The vehicular homicide and assault charges against a man once accused of running over two people, killing one, has crumbled in Okanogan County.

Due to an egregious mishandling of evidence by law enforcement and their failure to notify the defense attorney, the charges against James Faire, 58, were dismissed "with prejudice" by Okanogan County Superior Court Judge Christopher Culp last month. Charges cannot be refiled, but Okanogan County Prosecutor Branden Platter has indicated he intends to appeal the dismissal.

Judge Culp determined that he had no choice but to scrap the entire case after law enforcement withheld the fact that crucial evidence — cell phone data from one of the victims — had been corrupted by ransomware, "perhaps of a Russian origin," on Detective Kreg Sloan's computer, according to court records. Documents show that Sloan knew the cell phone data was no good as early as August 2015, but did not tell the defense, or even the prosecutor, for another 32 months. Additionally, by the time Sloan discovered the corrupt phone data, he had already returned the cell phone to its owner, George Abrantes, the only living victim. Debra Long, 51, was killed when Faire ran over her twice with his pickup truck, according to news reports.

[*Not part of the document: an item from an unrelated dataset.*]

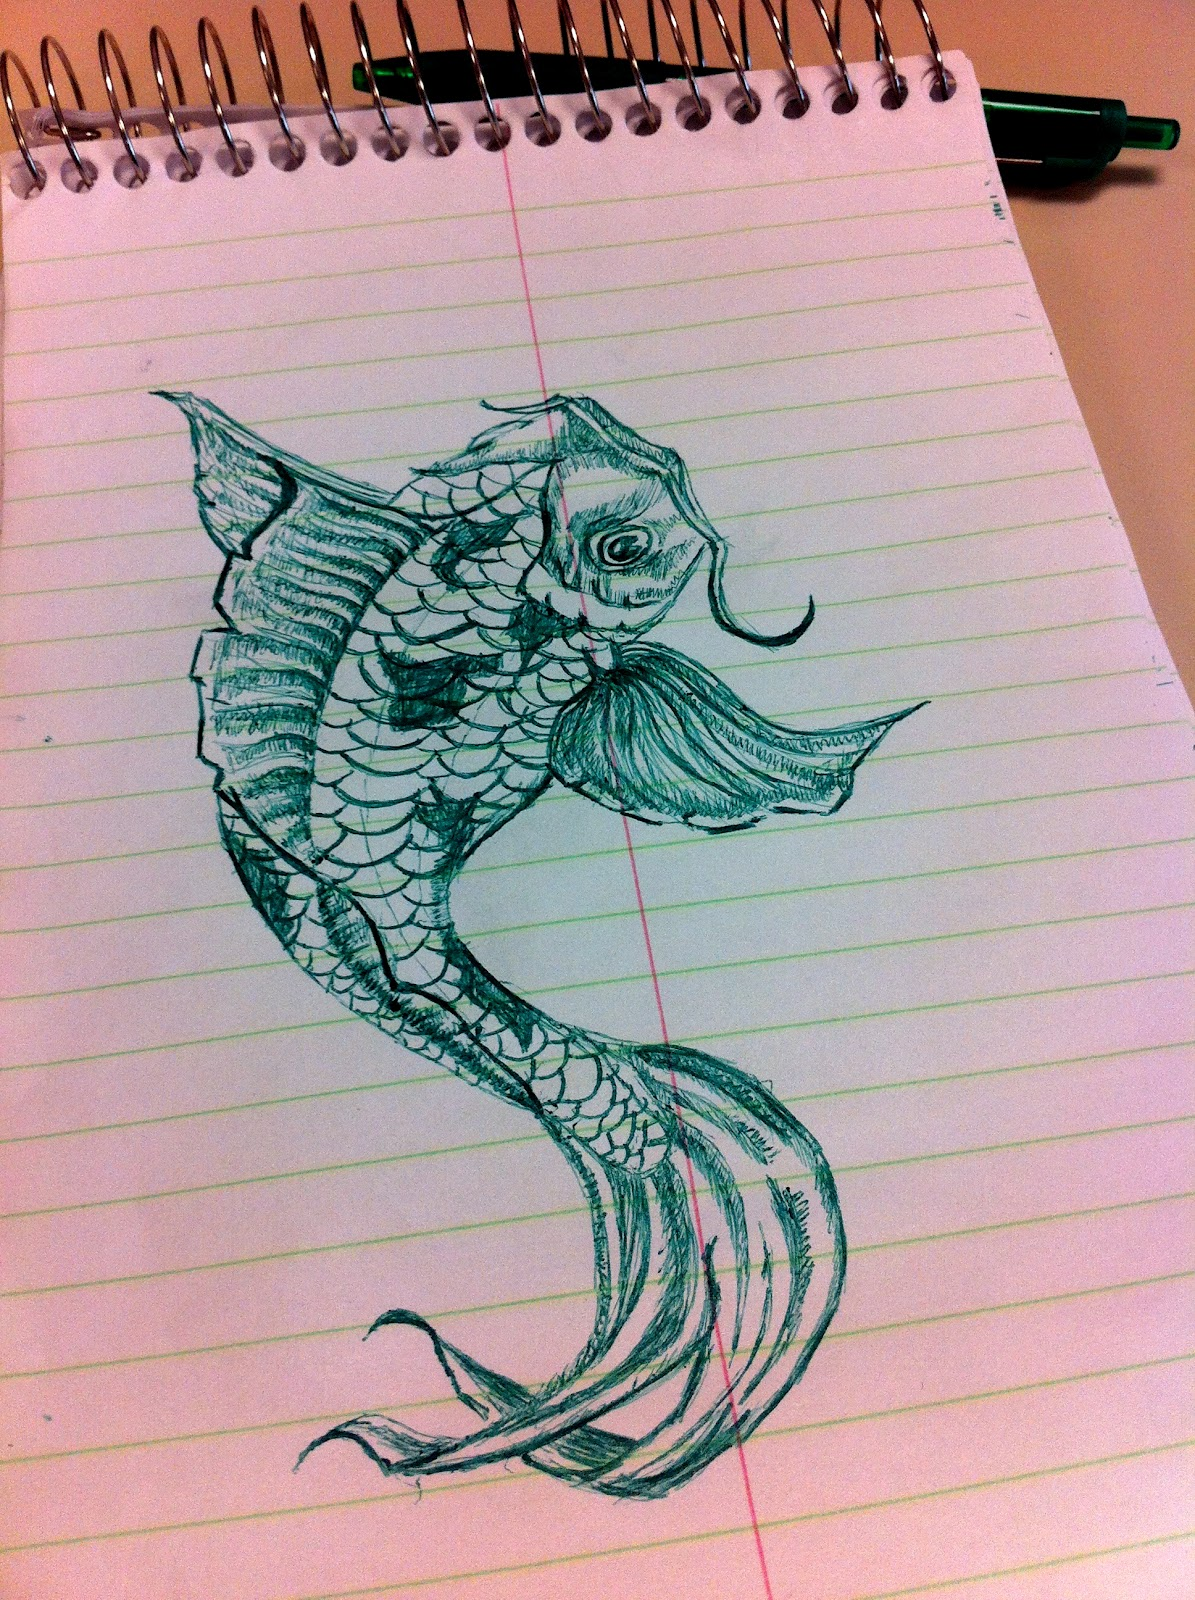 Pz c koi fish for Koi dragon meaning
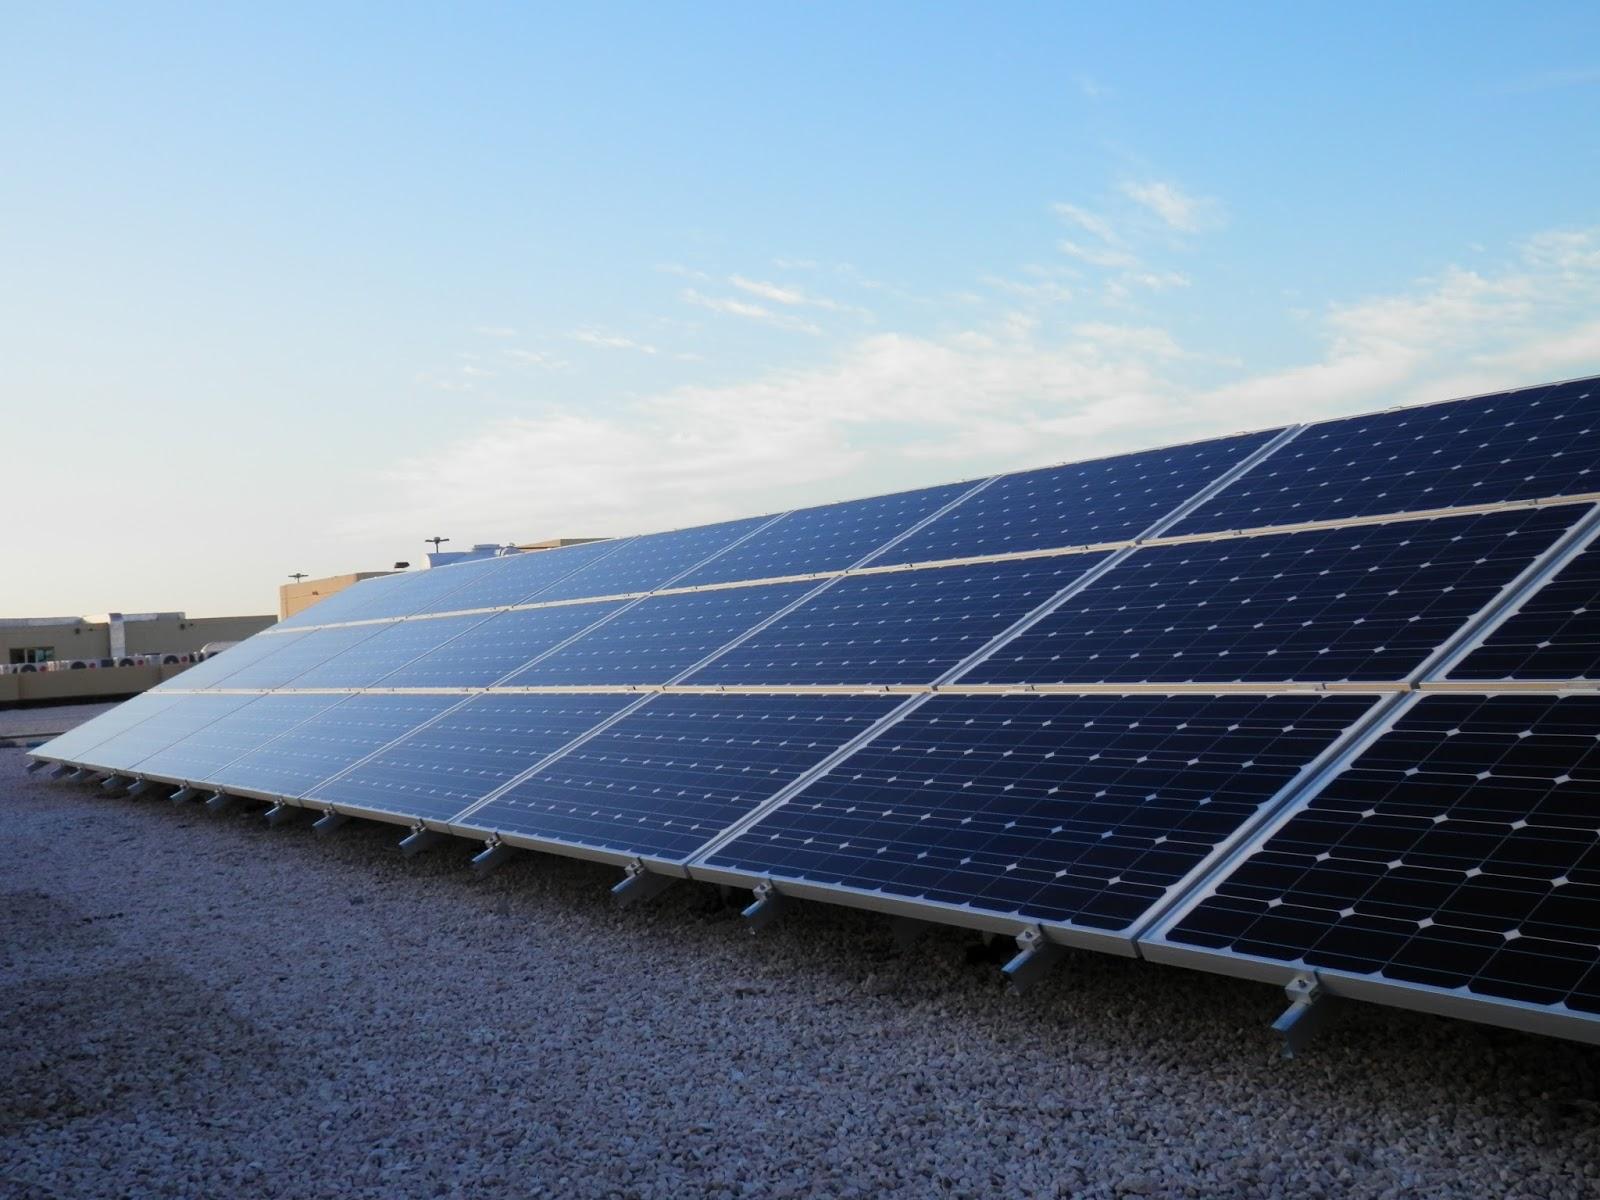 16 Tests aus Photovoltaik - Stiftung Warentest Photovoltaik rechner stiftung warentest

Faire, who has ties to militia and anti-government groups, and his attorney, Stephen Pidgeon, believe that the cell phone contained text messages and a video that would have supported Faire's claim of self-defense. Pidgeon says Abrantes attacked Faire with a heavy chain while Long stood in the way of his truck, preventing him from escaping.

Culp's dismissal order indicates that Sloan made no attempt to extract Abrantes' cell phone data a second time and could offer no explanation as to why. By the time Faire's defense attorney learned of the missing evidence, Abrantes had deleted the data off his phone, court records show.

"The combined effect and consequences of the state's actions prevent the defendant from having a fair trial," Culp writes in his dismissal order, continuing: "There can be no excuse for the [32] month delay ... before law enforcement notified the prosecutor of the lost evidence."

The original print version of this article was headlined "Lost Evidence"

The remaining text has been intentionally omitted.